The indictment says Stevens led a team of lawyers and paralegals responding to the FDA’s request for documents about GSK’s promotion of Wellbutrin, an anti-depressant, for weight loss and other uses that the FDA hadn’t approved. (Actually, the indictment doesn’t name the company or the drug, but many sources confirm their identity.)
Stevens, according to the indictment, knew that GSK had set up marketing programs to promote the use of the drug against obesity and that it had paid many physicians to make speeches about that use to other doctors. But Stevens told the FDA that GSK had done nothing of the sort. She wrote to the FDA, for example, that GSK “has not developed, devised, established, or maintained any program or activity to promote, either directly or indirectly, the use of [the drug] to achieve weight loss or treat obesity.”
And Stevens allegedly had seen slide presentations that physicians had put together about such unapproved uses, but she didn’t hand those over to the FDA. Any off-label uses, she said, were “isolated deficiencies” in GSK’s compliance program.
Interestingly, neither the company itself nor any of its other lawyers or officials were indicted. Could Stevens, as the head of a team of lawyers and paralegals that reported to top management, have acted on her own in withholding these documents and information? If GSK really planned to lie to the government, didn’t other people have to be part of the scheme as well? Shouldn’t they or the company itself have been indicted – if there really was such a conspiracy within the company?

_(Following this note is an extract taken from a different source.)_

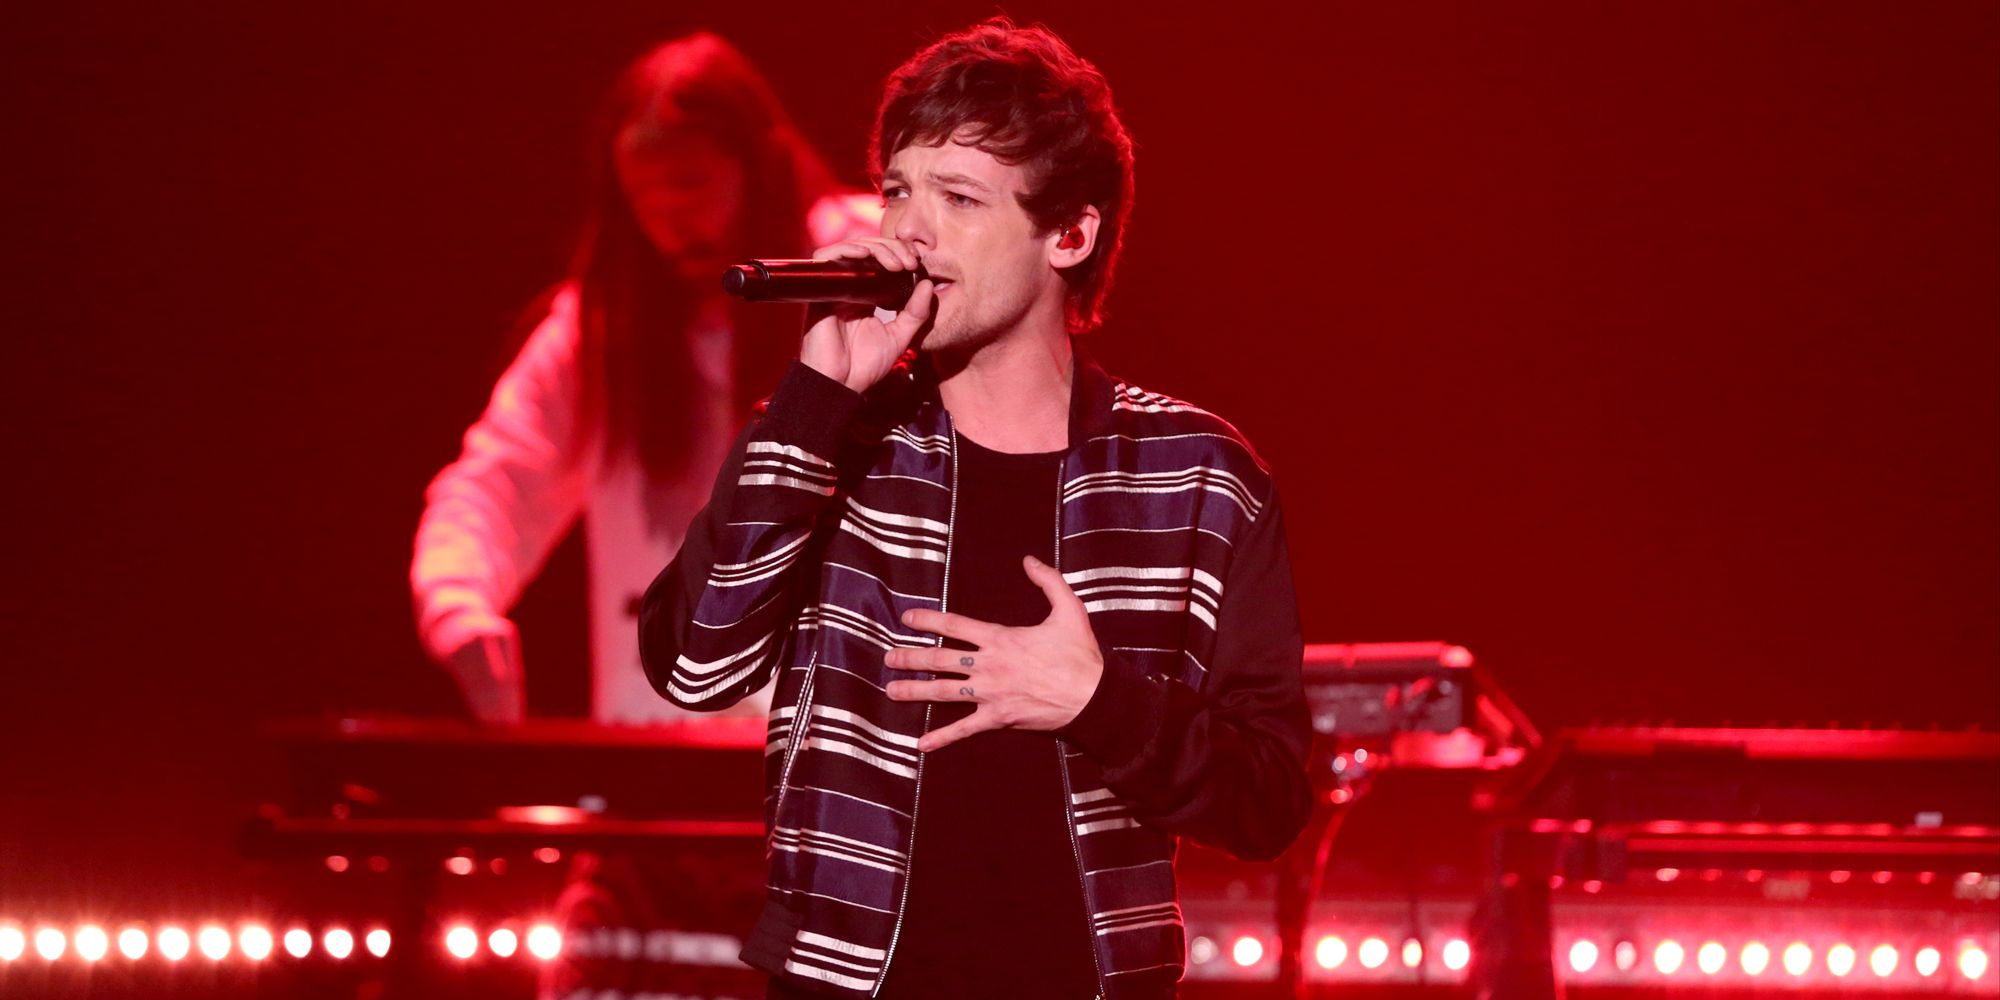 Louis Tomlinson of One Direction performs live during the X Factor Live  tour, at Wembley Arena, London. EDITORS PLEASE NOTE: Editorial use only, no  merchandise, no use after July 10, 2011. Further

Also, Stevens’ statements sound to us more like legal posturing on behalf of a client than like a criminal attempt to deceive the FDA and withhold information. It seems that she was telling the agency that GSK had no intent to promote the off-label uses, while knowing that individual doctors probably did so without the company’s permission.
If that’s the basis of the dispute – and both sides clearly think they have the better of it, with Stevens’ lawyers pledging that she will be exonerated – the criminal courts are the wrong place to work it out. The facts may eventually show that Stevens did in fact violate the federal criminal laws, of course. But ordinarily, this kind of discovery dispute is worked out behind the scenes, between the federal agency and the company, with harsh words perhaps but without a criminal case against an attorney. That seems the best place to handle it.
At the very least, lawyers who respond to federal agencies’ demands now had better look very carefully at what they say.